# What to produce:
Your reply should be the whole listing, copied exactly, with the pictures left out.

# Data extract:
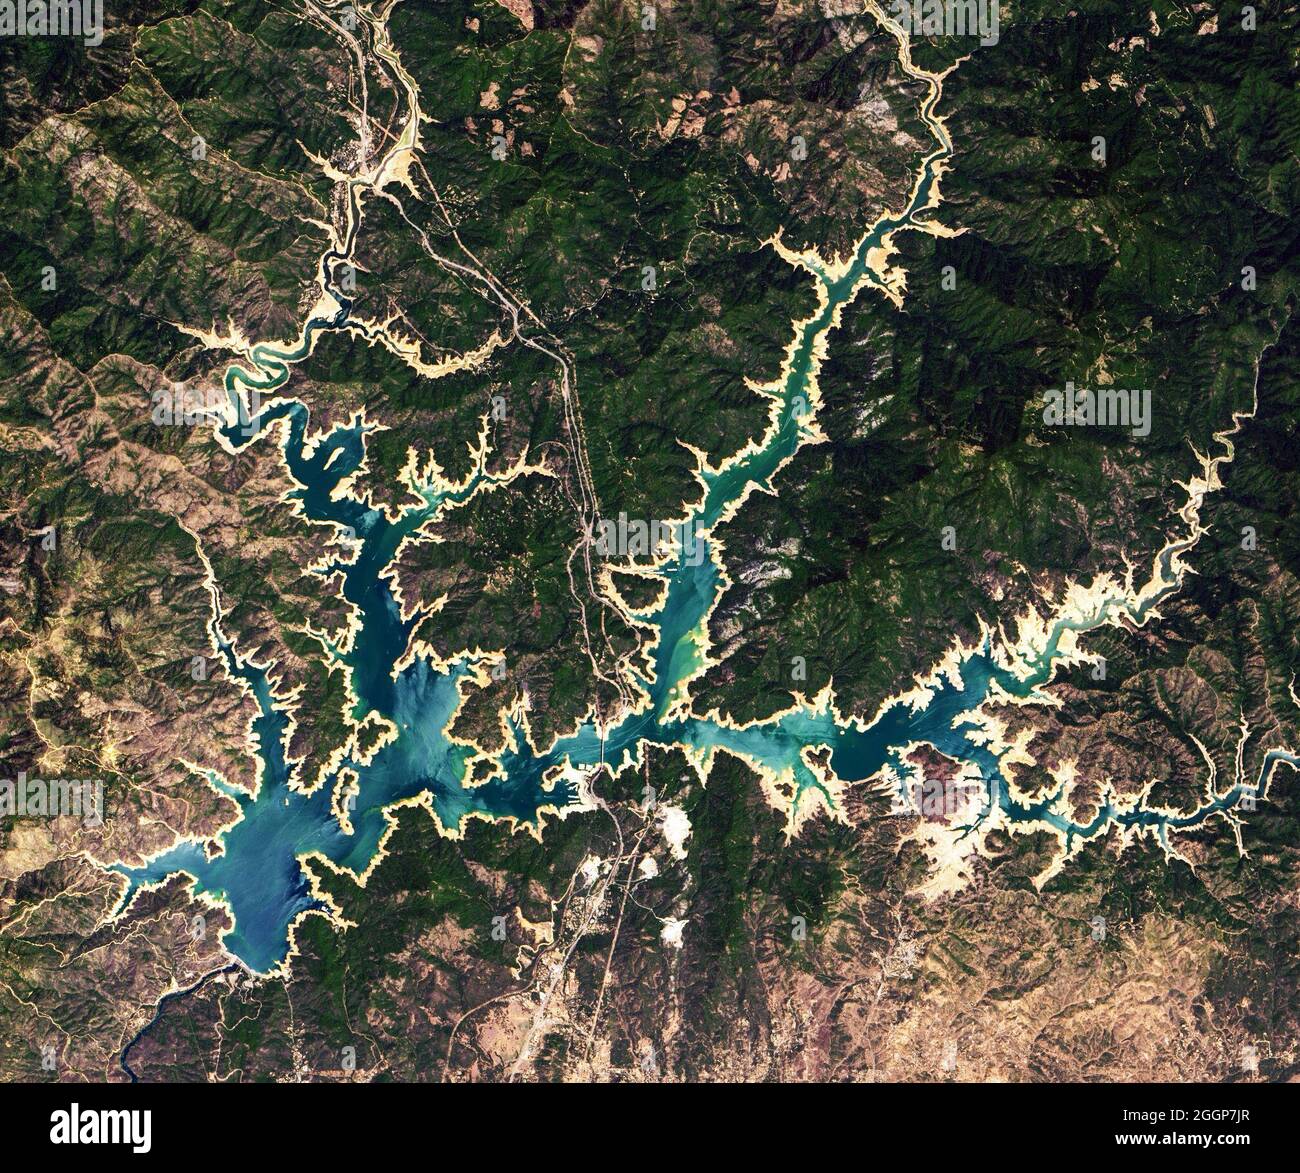 Questa immagine del lago Shasta della California è stata catturata dalla Operational Land Imager (oli) su Landsat 8 il 16 giugno 2021. Foto Stock
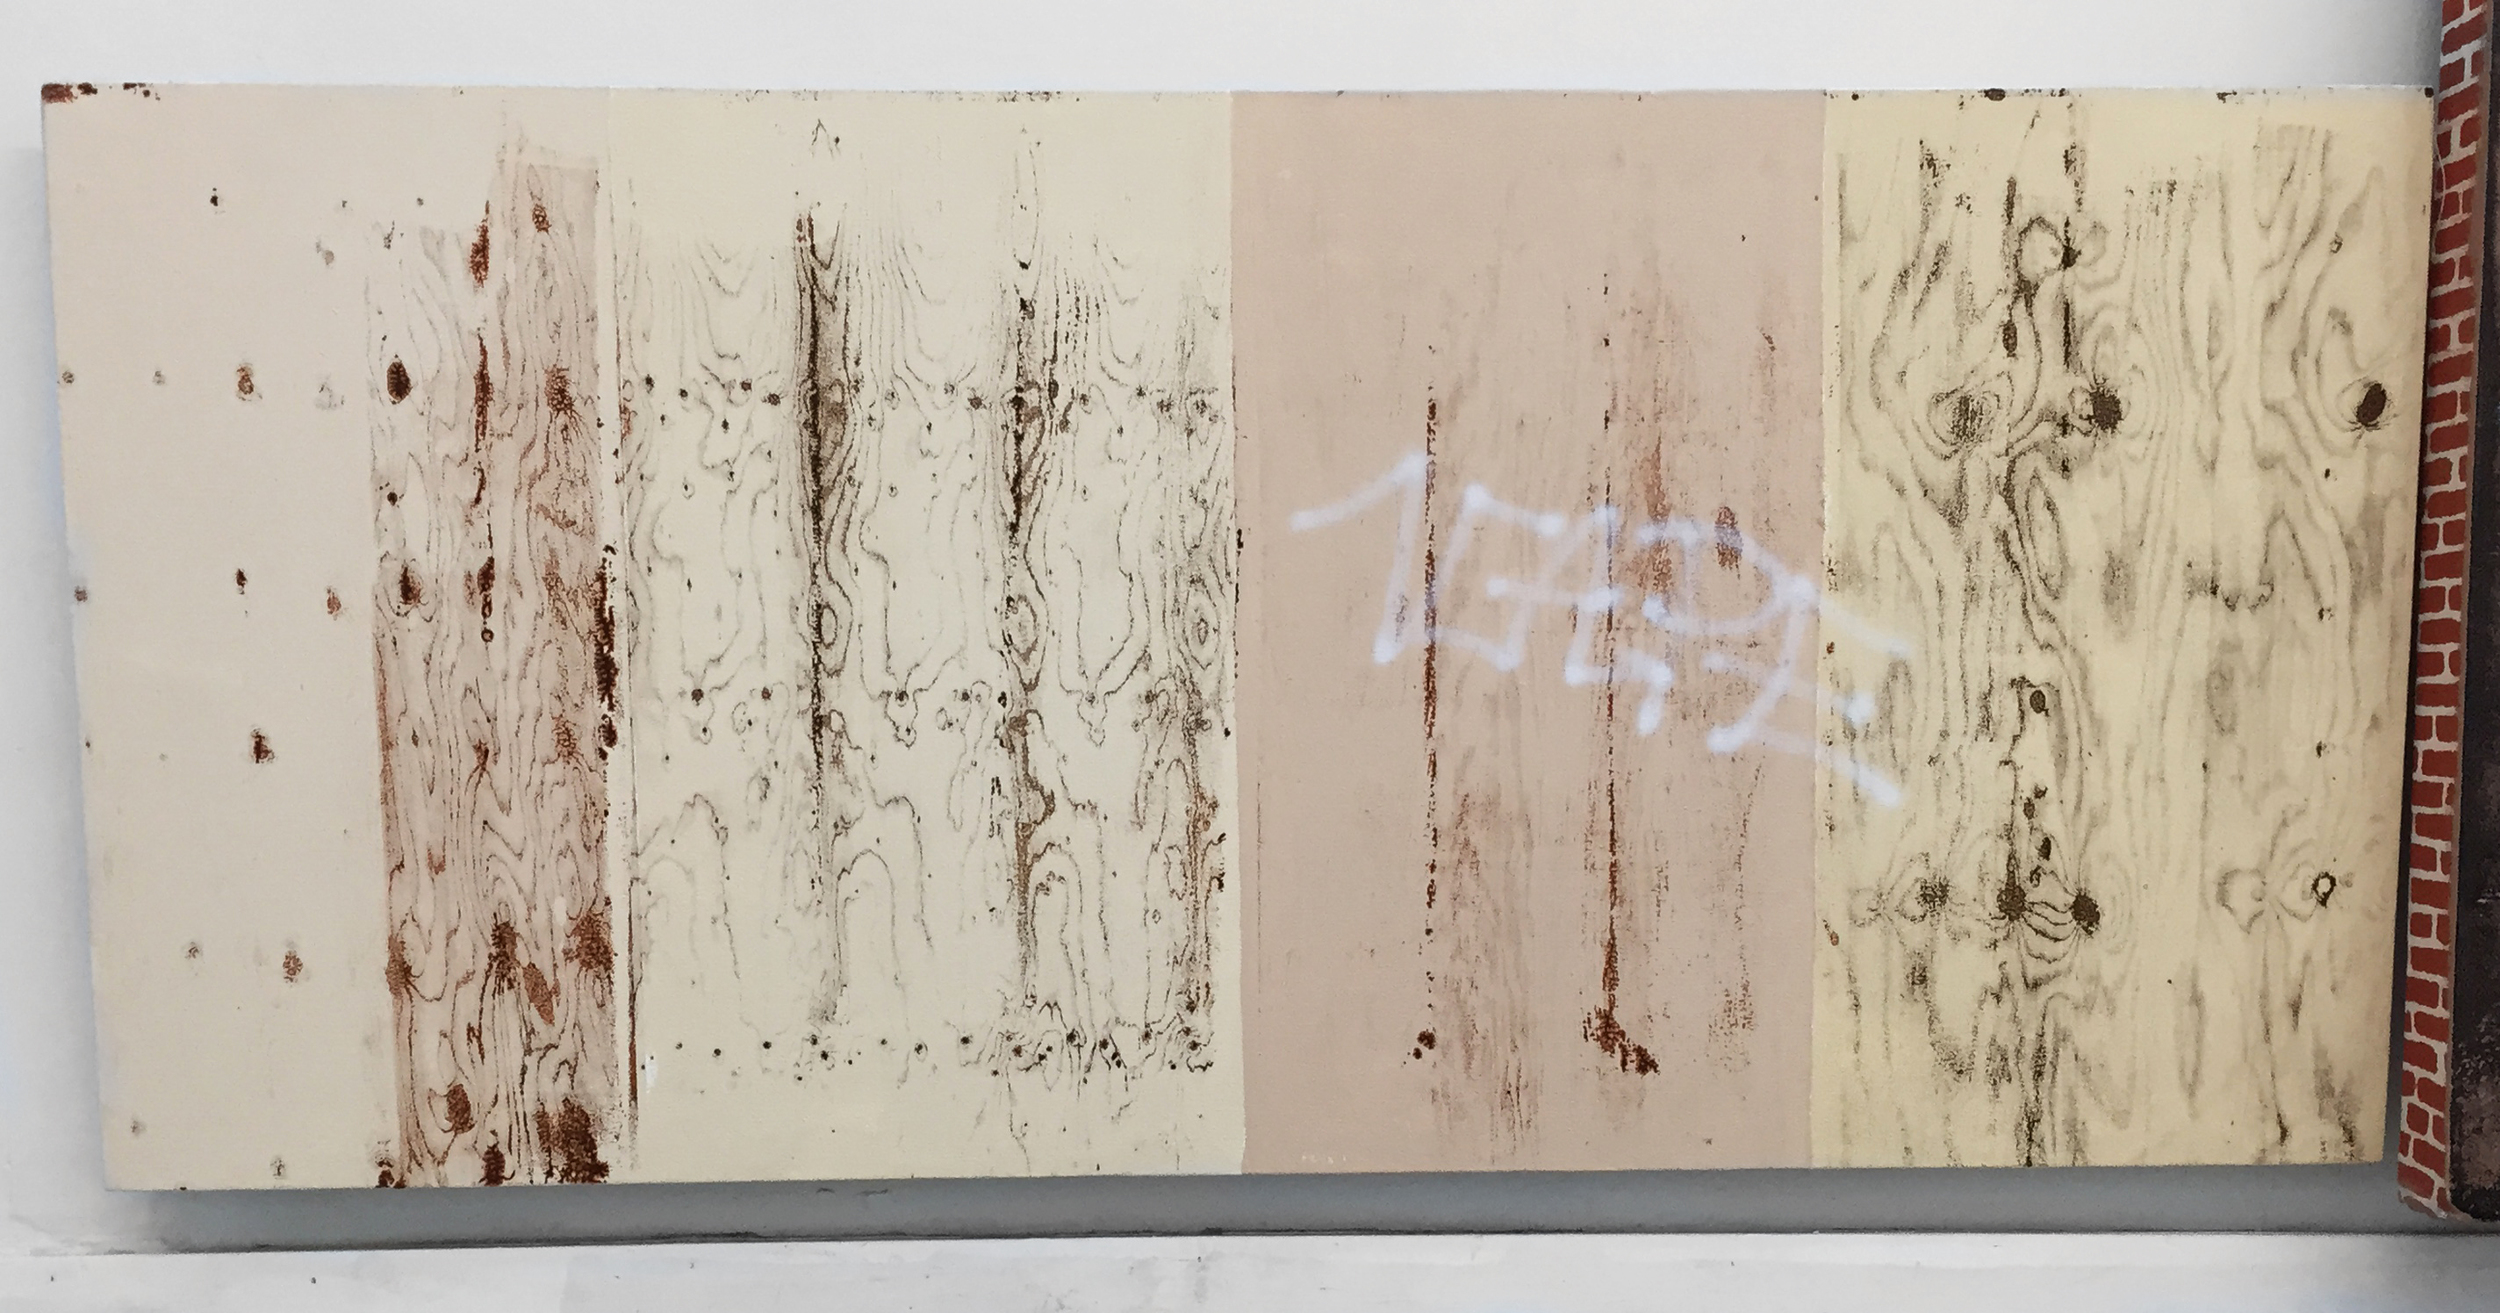  Pentti Monkkonen,&nbsp; Plywood Wall (Vape)  acrylic on canvas,&nbsp;20 x 43 in 
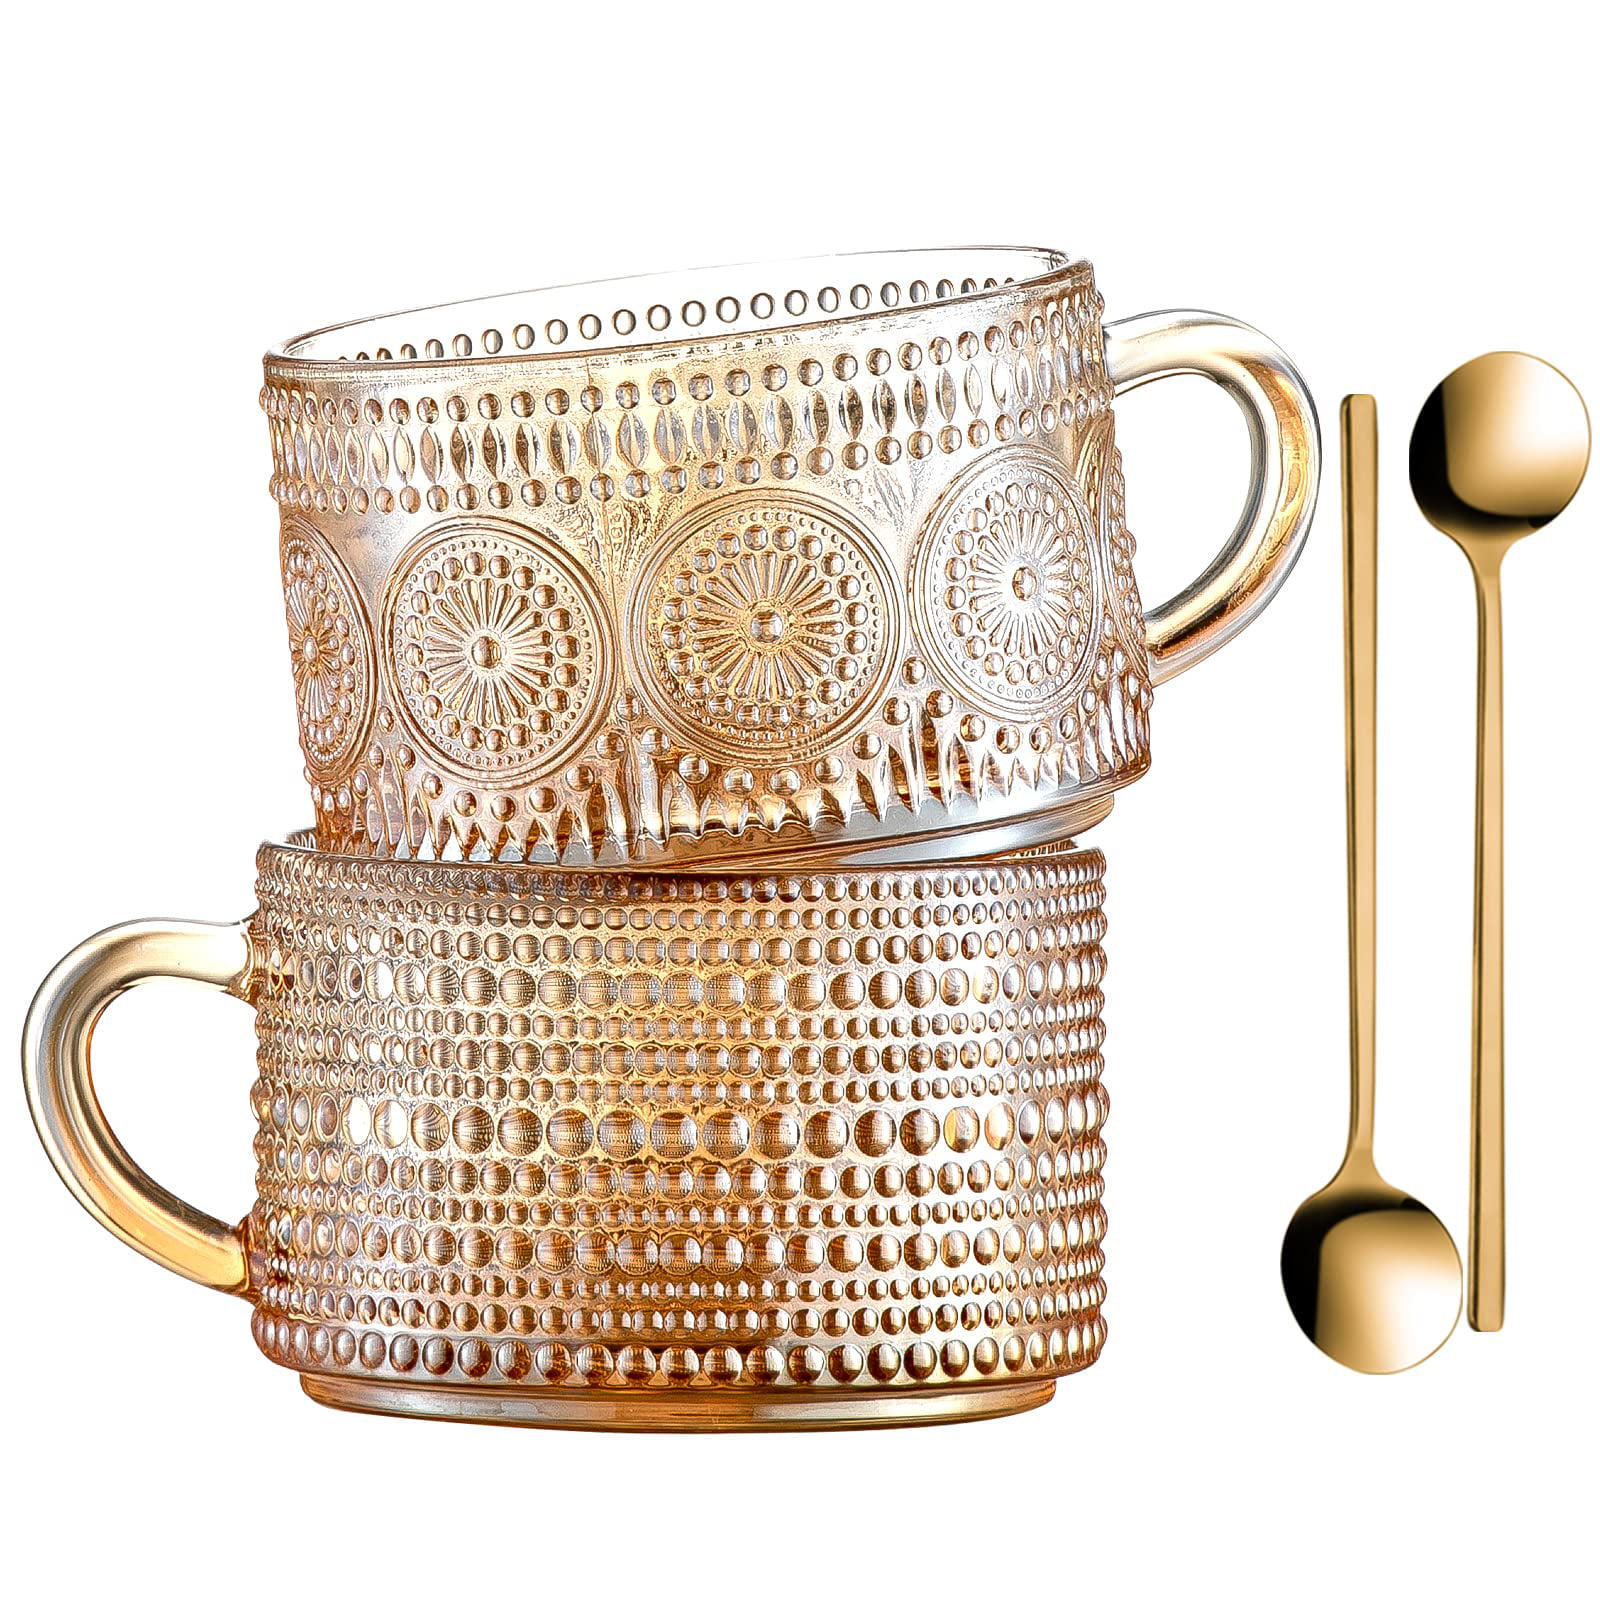 Glass Coffee Mugs Tea Cups - 14 Oz Amber Glass Mug with Lid Set of 4 Ribbed  Vintage Mugs with Straw …See more Glass Coffee Mugs Tea Cups - 14 Oz Amber

# Solution to this problem:
 Questa immagine del lago Shasta della California è stata catturata dalla Operational Land Imager (oli) su Landsat 8 il 16 giugno 2021. Foto Stock
  Pentti Monkkonen,&nbsp; Plywood Wall (Vape)  acrylic on canvas,&nbsp;20 x 43 in 
 Glass Coffee Mugs Tea Cups - 14 Oz Amber Glass Mug with Lid Set of 4 Ribbed  Vintage Mugs with Straw …See more Glass Coffee Mugs Tea Cups - 14 Oz Amber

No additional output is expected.